Question

A bucket open at the top, and made up of a metal sheet is in the form of a frustum of a cone. The depth of the bucket is 24 cm and the diameters of its upper and lower circular ends are 30 cm and 10 cm respectively. Find the cost of the metal sheet used in it at the rate of Rs. 10 per 100 $cm^2$. (Use $\pi = 3.14$). Insert answer is the nearest integer.
               

Answer 1

Hint: We will first mark the measure in the figure. Now, to construct a bucket, we obviously require the surface area of all the part that is the bottom circle, the upper circle and the frustum in between, we will calculate all that using the formulas required and add them and calculate the cost accordingly.
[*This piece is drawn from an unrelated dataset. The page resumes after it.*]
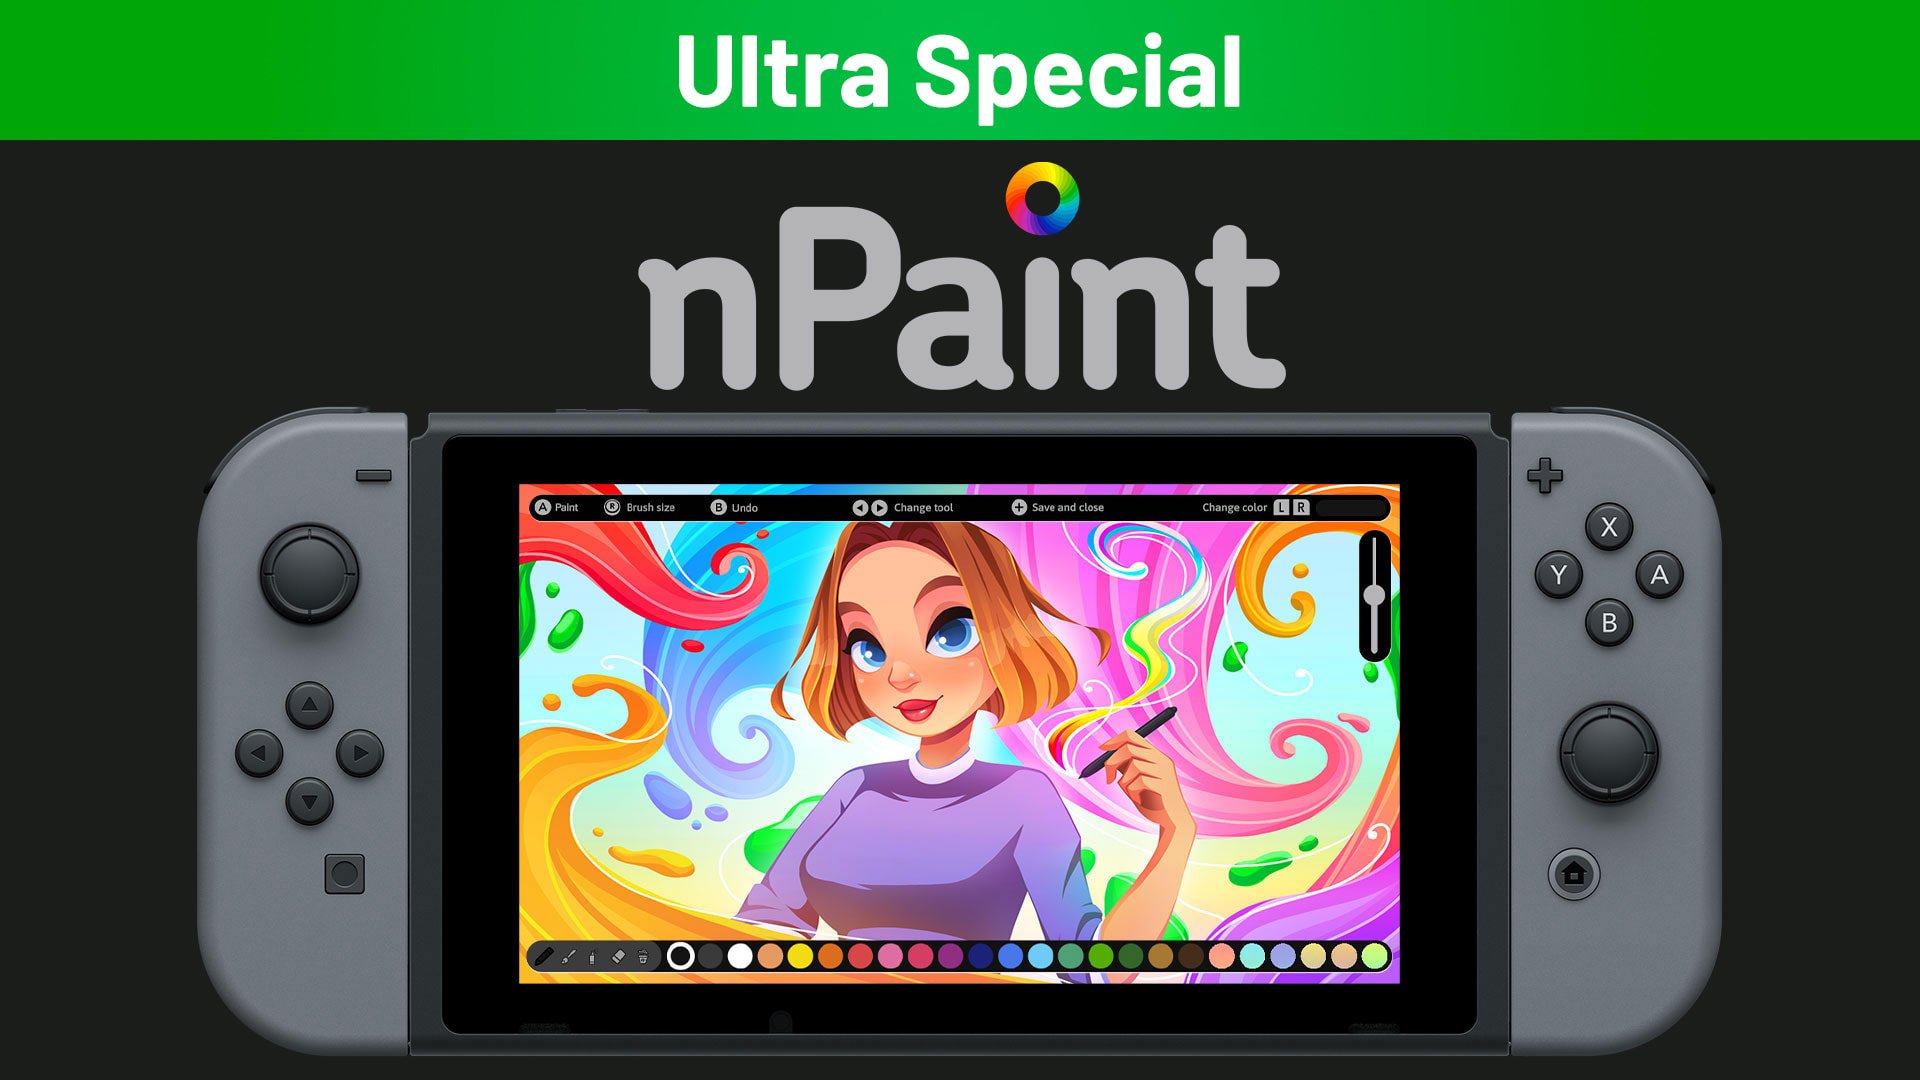 nPaint Ultra Special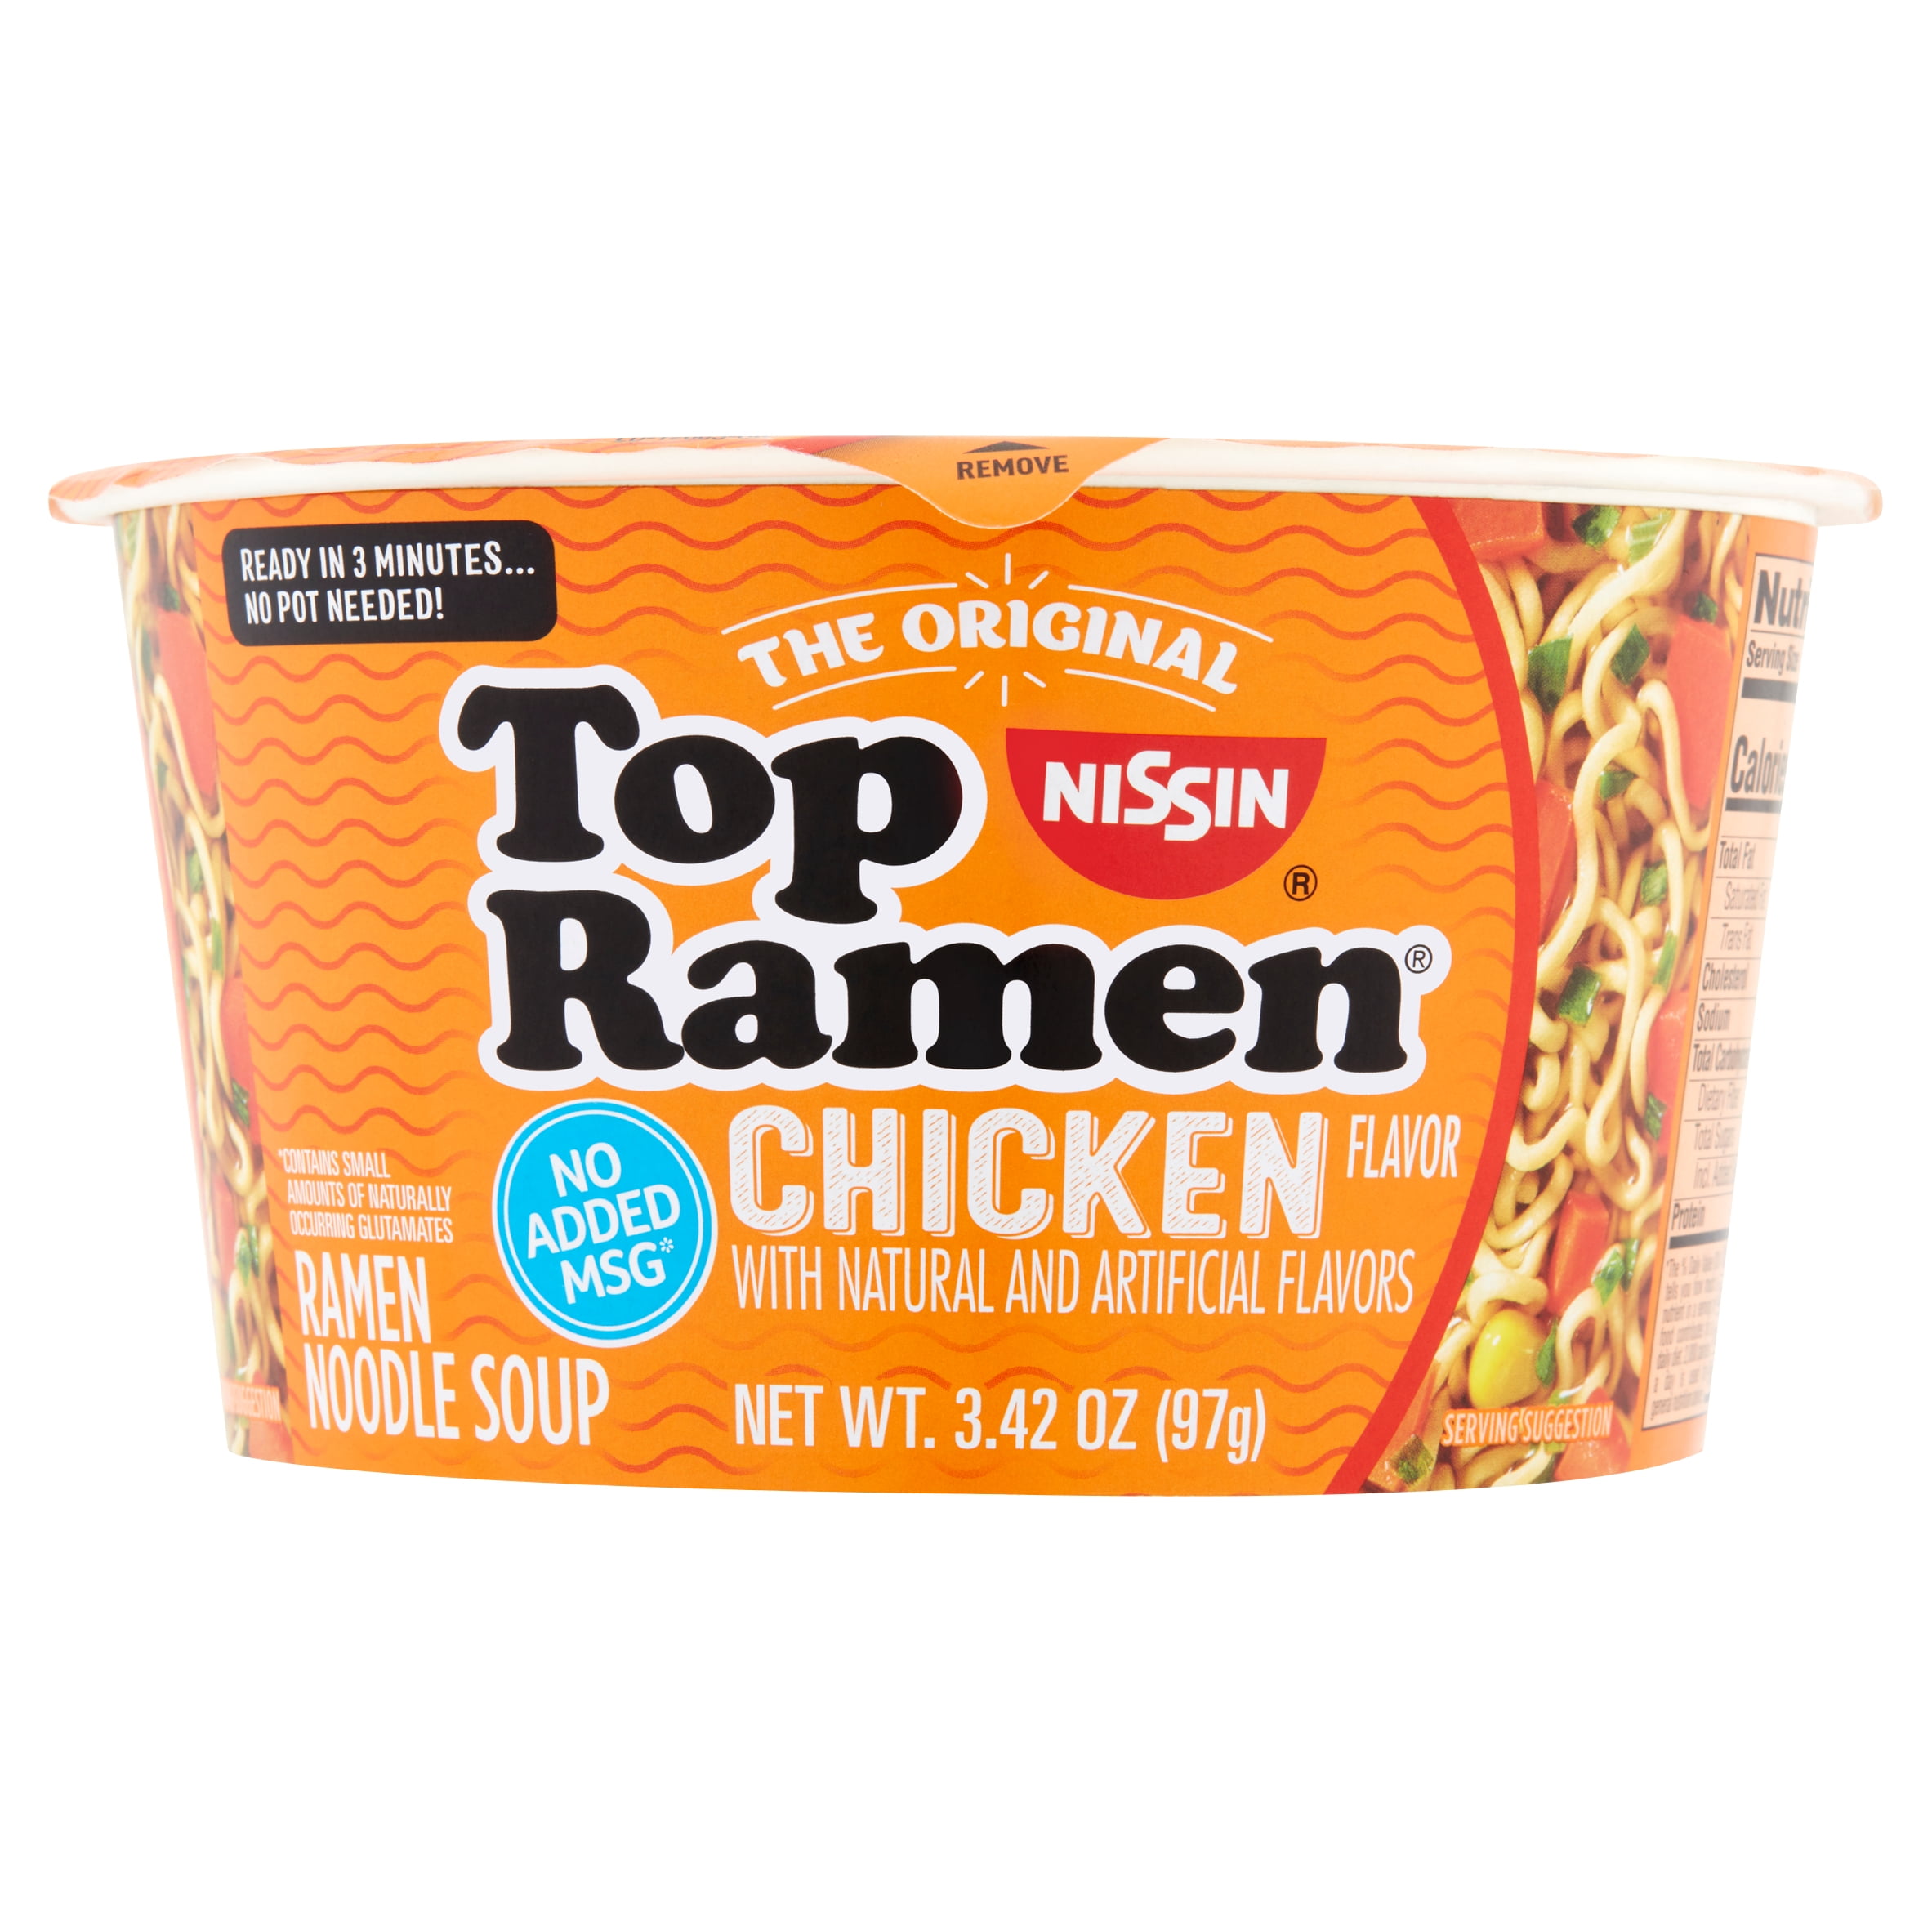 Nissin The Original Top Ramen Chicken Flavor Ramen Noodle Soup 3 42 Oz Walmart Com Walmart Com

Complete step-by-step answer:
We have with us :
               

Now, since we are given the depth of the bucket is 24 cm and the diameters of its upper and lower circular ends are 30 cm and 10 cm respectively. Since, the lines in blue and green are the radii, so it will be half of the diameters. $\left( {Radius = \dfrac{{Diameter}}{2}} \right)$
So, the yellow line will be 24 cm long, which is the height of frustum. The blue and green lines will be 15 cm and 5 cm respectively.
Now, let us find the area of the lower circle only because the bucket is open at the top. So, no sheet is used there.
We know that the area of a circle is given by $A = \pi {r^2}$, where r is the radius of the circle.
Hence, the area of the bottom circle is $A = \pi {r^2} = 3.14 \times 5 \times 5 = 78.5$ $cm^2$ (Because $\pi = 3.14$) …….(1)
Now, we know that area of a frustum is given by $A = \pi ({r_1} + {r_2})l$, where ${r_1} + {r_2}$ is sum of both the radii upper and lower and l is the slant height of the frustum.
Now to apply this formula, we need to find l that is the slant height.
Using the formula for l that is $l = \sqrt {{{({r_1} - {r_2})}^2} + {h^2}} $ where h is the depth of the frustum.
So, $l = \sqrt {{{(15 - 5)}^2} + {{24}^2}} = \sqrt {100 + 576} = \sqrt {676} = 26cm$.
So, now putting these values in $A = \pi ({r_1} + {r_2})l$, we will get:-
$A = \pi ({r_1} + {r_2})l = 3.14 \times (15 + 5) \times 26 = 1632.9$ $cm^2$.
So, the total surface area of the bucket is (1632.9 + 78.5) $cm^2 $. That is 1711.4 $cm^2$.
Now, we have been given that for 100 $cm^2$ the cost is Rs. 10.
So, for 1 $cm^2$ the cost will be $Rs.\dfrac{{10}}{{100}} = Rs.\dfrac{1}{{10}}$.
So, for $1632.9$ $cm^2$, the cost will be $Rs.\dfrac{1}{{10}} \times 1711.4 = Rs.171.14$.
Hence, the cost will be Rs. 171.14.
The nearest integer to it will be Rs. 171.


Note: The students might make the mistake of using $\pi = \dfrac{{22}}{7}$ instead of $\pi = 3.14$ which will change the values a bit. So, take care regarding that. See if some particular value is mentioned, use that only. Otherwise, it is up to you.
The students might make the mistake of using height in the formula of area of frustum because slant height is also an height but remember slant height is the line joining the boundary of both the circle and height/ depth is the line joining the centers of the circles.